Akabu Junmai Ginjo is the first thing you should try when you come to Morioka. The first sip of Akabu Junmai Ginjo is a pleasant taste with a moderate sweetness and umami spreading through the mouth. We enjoyed it with a bowl of kaisen-don (fresh seafood on top of rice) and hirumeshi (rice cooked in the sun).
Kawabata Sakenabitei in Akita. A-Sakura super delicious dry. It has a little sourness and dryness, and the umami taste rolls around in the mouth and comes slowly. Mackerel stewed in miso goes well with it.
Near Niigata Station: I compared three kinds of sake at Benkei's crying place. The sweetness and umami are well-balanced and pleasantly spread in the mouth.
Near Niigata Station: I compared three kinds of sake at Benkei's crying place. The sweetness and umami are well-balanced and pleasantly spread in the mouth.
Tsuru no Tomo Junmai, cold and warmed sake comparison. The clear, refreshing taste of cold sake becomes more pronounced when heated.
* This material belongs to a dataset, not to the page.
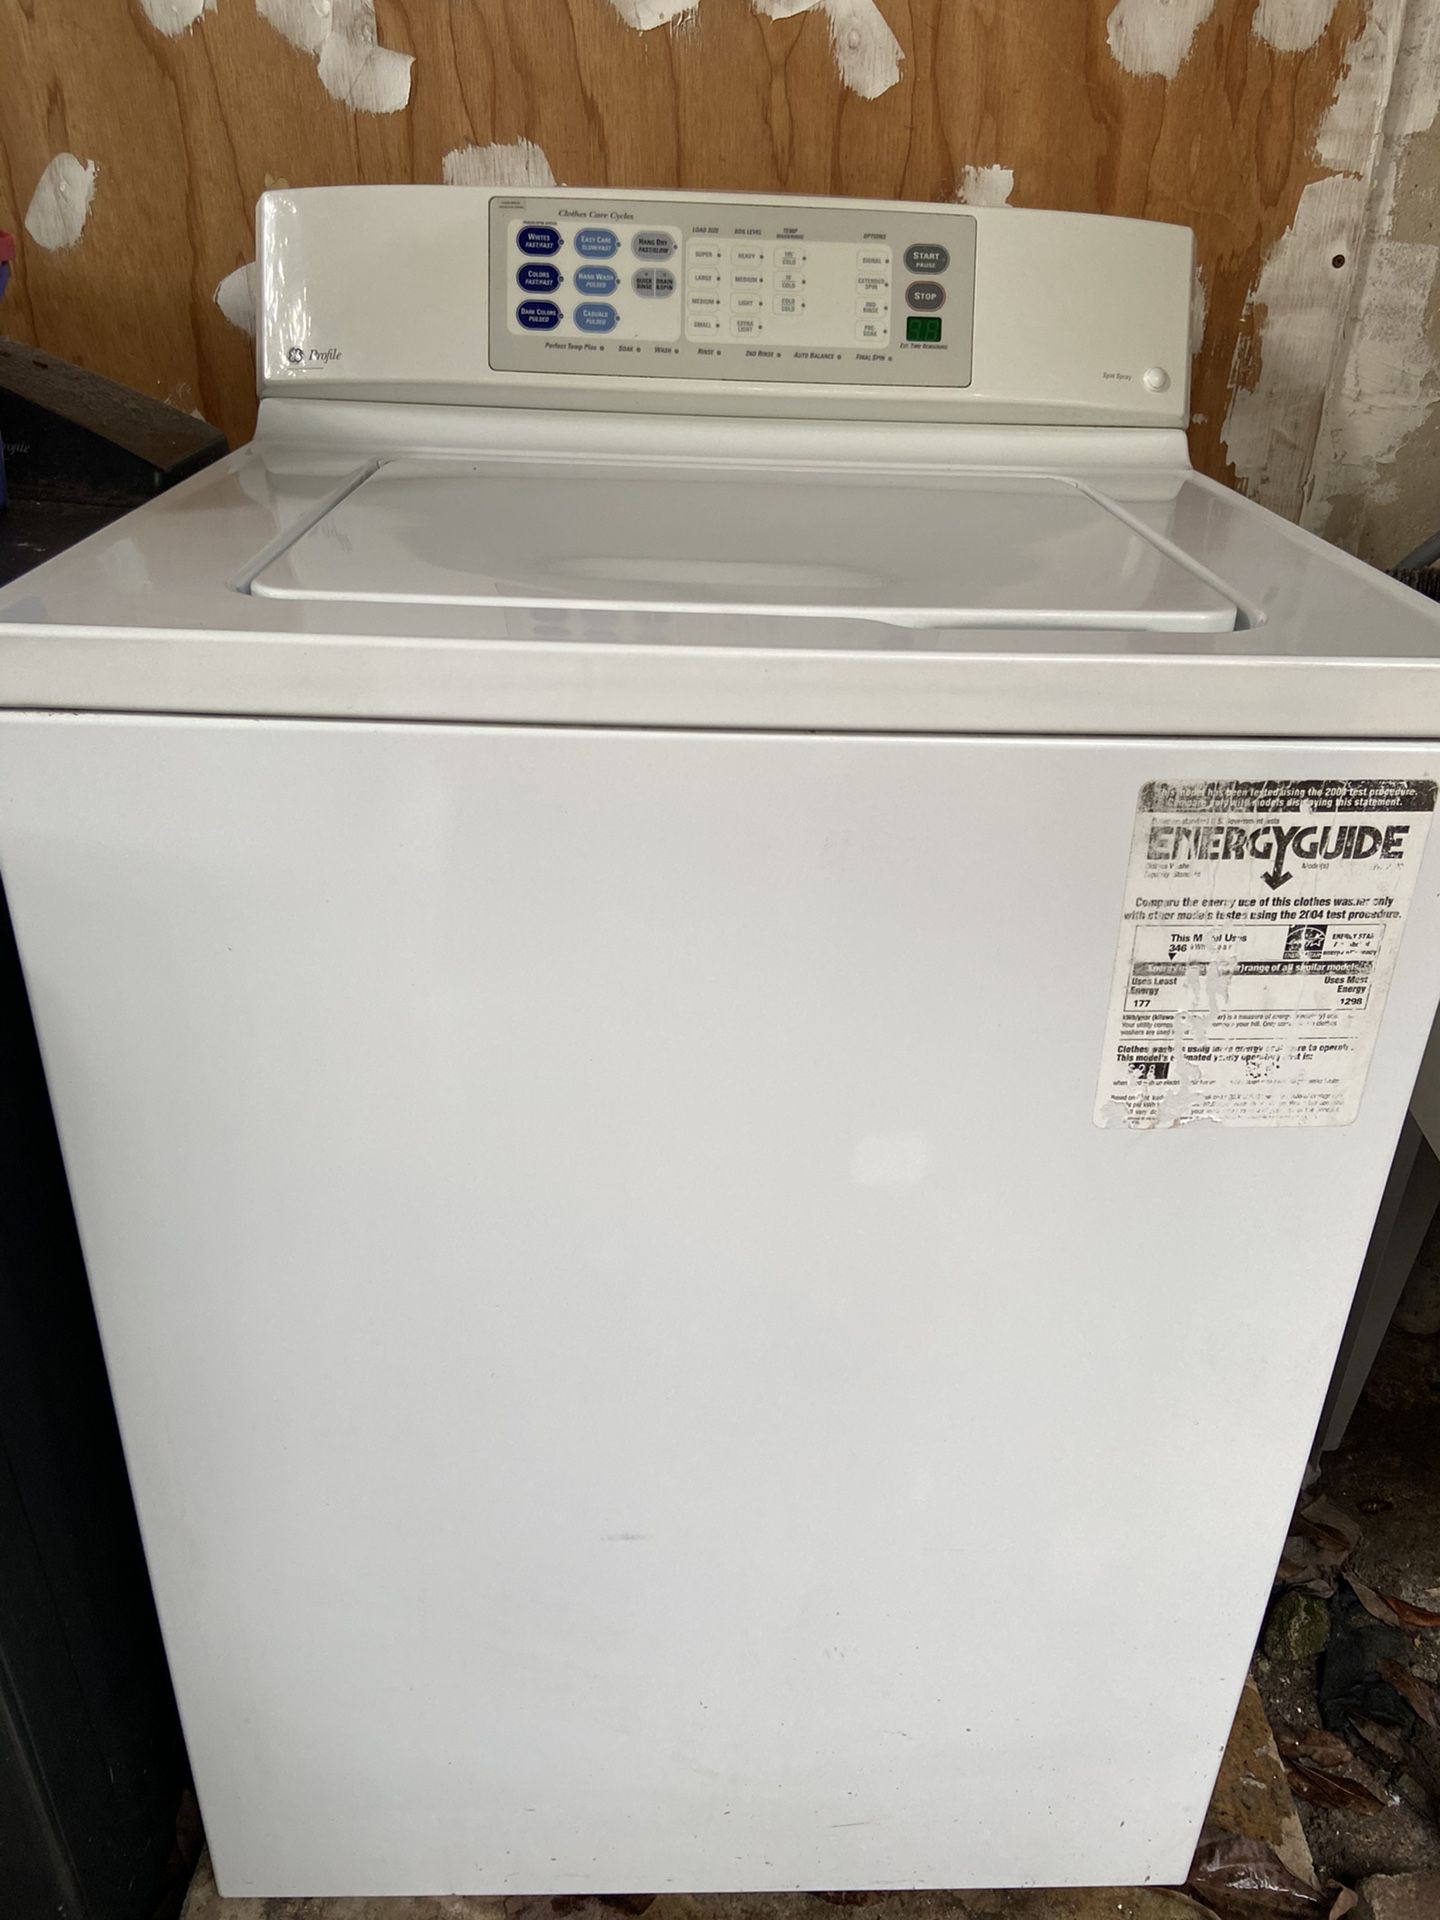 GE Profile Washer/Dryer Set

The sweetness comes after drinking.
The sweet and delicious taste spreads in the mouth, yet it has a refreshing feel. It is also good as a heated sake. The restaurant's recommendation is understandable.
I bought it a year ago and it was sitting in the back of the fridge at the store. I opened the bottle to try to revive it, but the explosive fizzing did not subside, and after more than 30 minutes of loosening and tightening the bottle cap while letting the bubbles escape, I was finally able to drink it. It tasted like a 5% alcohol yuzu sake.